On 19 April, Giraud lost sight of Guerlach on the train from Strasbourg to Mulhouse where their contact was waiting for them and, assuming that Guerlach had missed the train, got off at Sélestat to wait for the next one. While he was waiting, he attended a football match in honour of Hitler's birthday. Giraud then carried on to Mulhouse where he spent the night in a hotel and found Guerlach and their contact the following morning. The delay now meant that the original plan to exfiltrate Giraud wasn't feasible and a new route was improvised through Switzerland. In the meantime, posters of Giraud had been put up throughout the occupation zone and a 100,000 Reichsmark reward was offered for information leading to his arrest. With Deuxième Bureau contact Father Joseph Stamm (Note: Stamm would later be arrested for resistance activity in September 1943 and executed on 17 April 1945.) as his guide, Giraud crossed the Swiss border on 22 April. Giraud contacted General Roger Masson, who he had taught at the ESG. He subsequently travelled by car to Sainte-Foy-lès-Lyon, in the zone libre, where he was reunited with his family on 25 April, being diverted by the Deuxième Bureau away from the Annemasse border crossing where the Germans were waiting for him.

==== Aftermath ====
For the French, Giraud's escape was the only joyful news of the time and de Gaulle praised his feat, with the two generals coming to embody the hope of victory. On 25 April, Hitler had ordered that everything be done to arrest Giraud in Germany and German Foreign Minister Joachim von Ribbentrop amplified his remarks to the German ambassador to Vichy Otto Abetz, telling him of Hitler's "fury".

Giraud met with Pétain at the Hôtel du Parc in Vichy on 29 April where he presented figures and technical details to prove that Germany would not win the war, though Pétain remained impassive and responded with platitudes. Pétain then ordered Giraud to repeat the presentation to Prime Minister Pierre Laval, who rejected his conclusions and asserted his belief in a German victory. Under pressure from Abetz, Laval attempted to convince Giraud to voluntarily return to Germany but he refused. They met again on 30 April where Laval informed Giraud that the Germans intended to halt all prisoner repatriations unless he returned, to which Giraud agreed on the condition that all married prisoners be released. Guaranteed safe passage, Giraud met Abetz in Moulins on 2 May to negotiate his return. Abetz rejected Giraud's condition, claiming it would mean the release of 600,000 men, and the meeting ended acrimoniously, with the intelligence service of the Armistice Army protecting Giraud's return journey.

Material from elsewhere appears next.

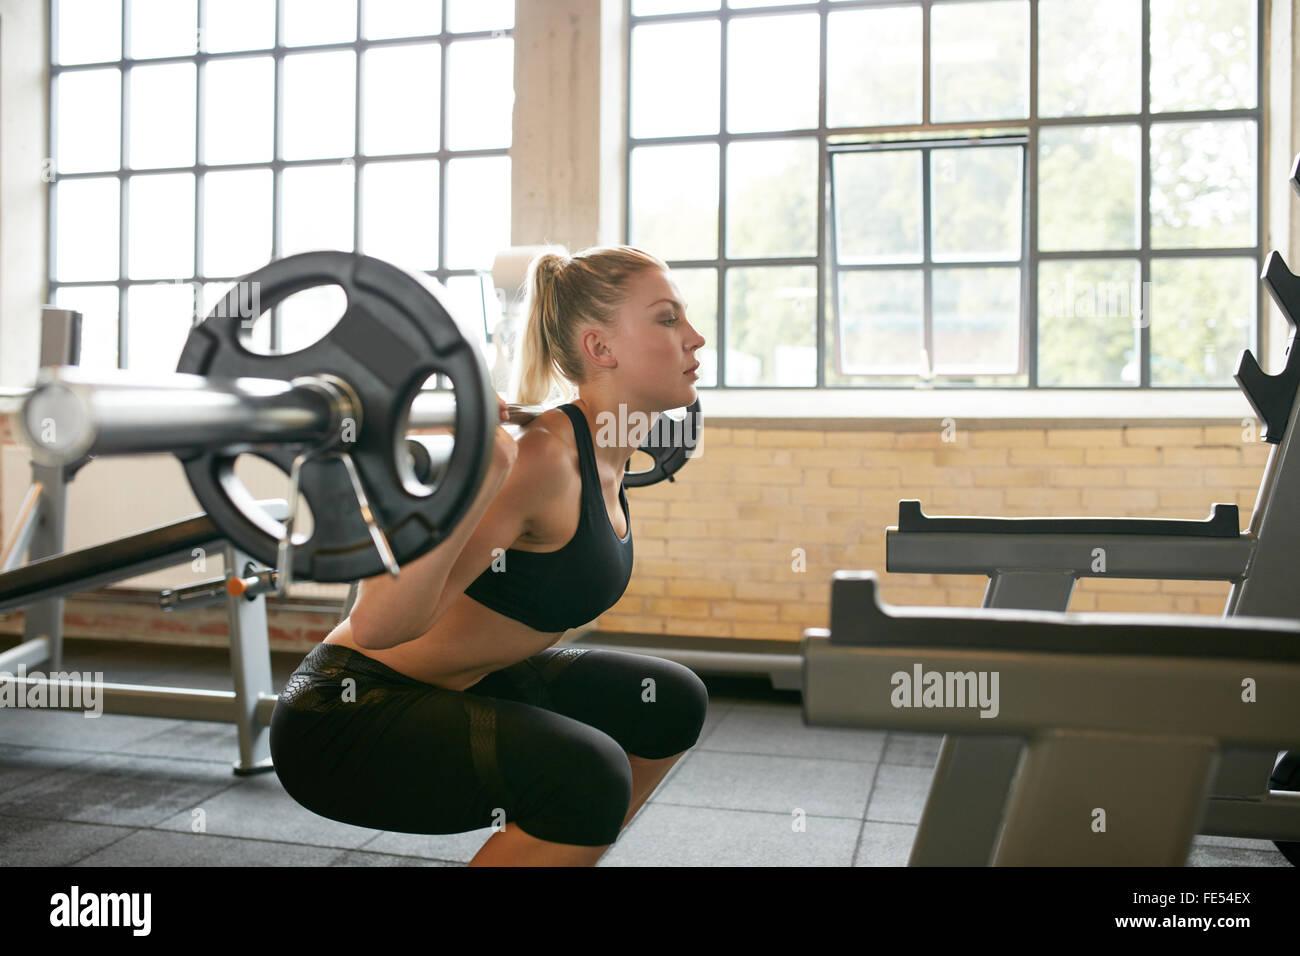 Lavoro femminile in una palestra facendo squat. Giovane donna che lavora fuori utilizzando barbell con pesi pesanti Immagini Stock

General René Chambe took charge of Giraud's security and, visited by Pétain's chief of staff on 4 May, Giraud agreed to pledge loyalty to Pétain and remain quiet on the basis that he would be left in peace. Chambe moved Giraud to a relative's property in La Verpillière, the gates to which were blocked by police cars on 25 May. However, Chambe had prepared a hidden exit through the perimeter fence and they escaped to Saint-Didier-au-Mont-d'Or.

Several months after Giraud's escape, Hitler transferred the Giraud assignment from Abwehr chief Wilhelm Canaris, who allegedly evaded a request from Generalfeldmarschall Wilhelm Keitel to assassinate him, to Reichsführer-SS Heinrich Himmler. Hitler ordered Himmler to arrest any members of Giraud's family that were within reach in order to hold them as hostages, with the aim of undermining his allegiance to the Allied cause. Following the German and Italian invasion of the zone libre, Giraud's family was confined to Vals-les-Bains in December and then to Saint-Romain-de-Lerps. In October 1943, his wife, daughters Jeanne and Marie-Thérèse, and three grandchildren were arrested and taken to Germany. Only his elderly mother-in-law and 16-year-old daughter Monique remained free, with Monique later reaching Algiers via Spain. Giraud's eldest daughter Renée, who had been captured in Tunisia alongside her four children, died en route to Germany on 24 September 1943.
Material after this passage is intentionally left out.